Feature extraction is a fundamental part of data processing which focuses on converting raw data into compact and useful representations, and has a wide applicability to many different types of problems. The research here focuses on extracting useful, compact, and discriminative features for a diversity of problems such as patch matching, or finding similar styles to certain images.

  • Deep Convolutional Feature Point Descriptors

    Deep Convolutional Feature Point Descriptors

    We learn compact discriminative feature point descriptors using a convolutional neural network. We directly optimize for using L2 distance by training with a pair of corresponding and non-corresponding patches correspond to small and large distances respectively using a Siamese architecture. We deal with the large number of potential pairs with the combination of a stochastic sampling of the training set and an aggressive mining strategy biased towards patches that are hard to classify. The resulting descriptor is 128 dimensions that can be used as a drop-in replacement for any task involving SIFT. We show that this descriptor generalizes well to various datasets.

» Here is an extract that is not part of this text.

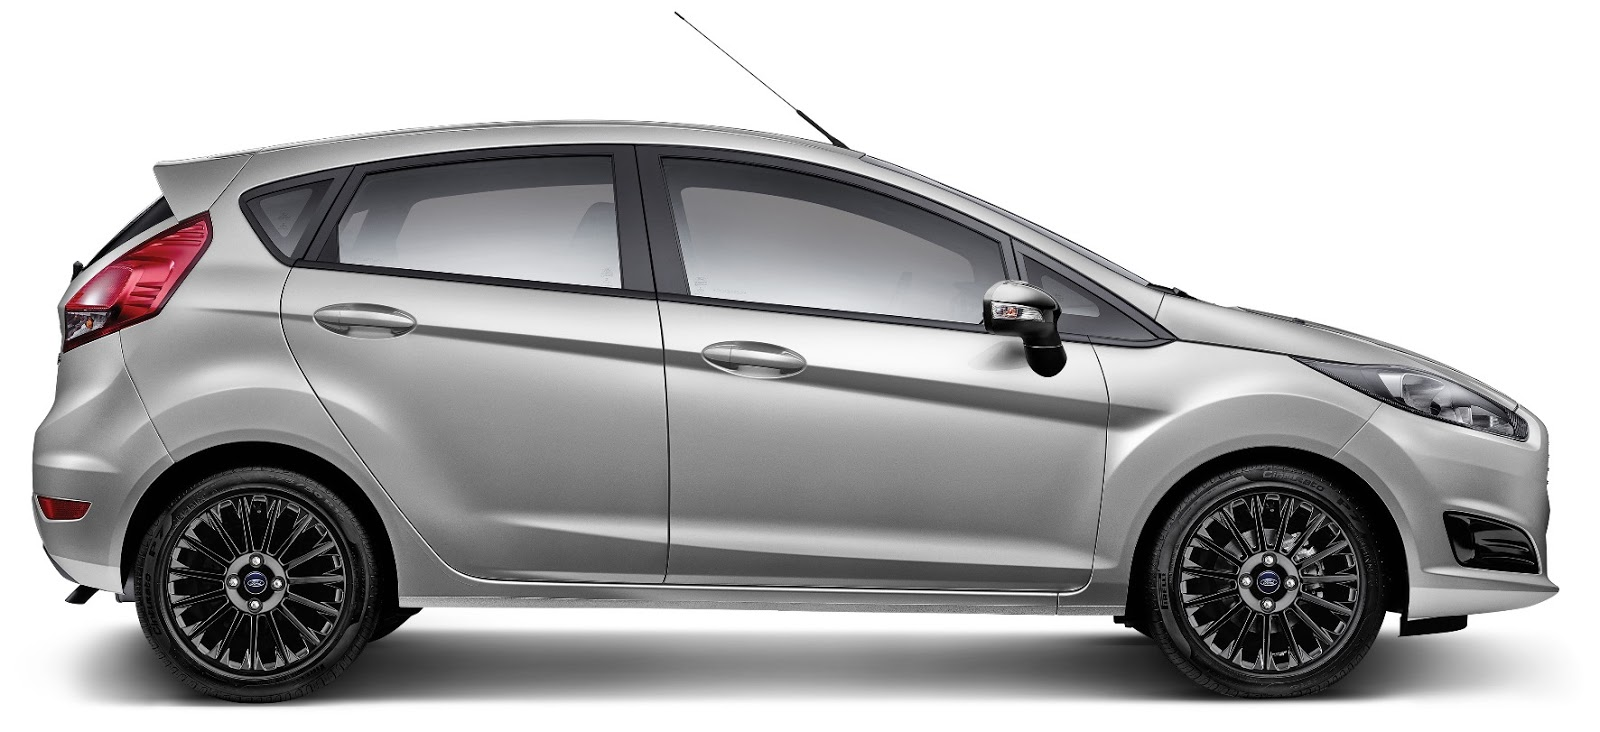 Racionauto Ford Lan 199 A Linha 2017 Do New Fiesta

  • Geodesic Finite Mixture Models

    Geodesic Finite Mixture Models

    There are many cases in which data is found to be distributed on a Riemannian manifold. In these cases, Euclidean metrics are not applicable and one needs to resort to geodesic distances consistent with the manifold geometry. For this purpose, we draw inspiration on a variant of the expectation-maximization algorithm, that uses a minimum message length criterion to automatically estimate the optimal number of components from multivariate data lying on an Euclidean space. In order to use this approach on Riemannian manifolds, we propose a formulation in which each component is defined on a different tangent space, thus avoiding the problems associated with the loss of accuracy produced when linearizing the manifold with a single tangent space. Our approach can be applied to any type of manifold for which it is possible to estimate its tangent space.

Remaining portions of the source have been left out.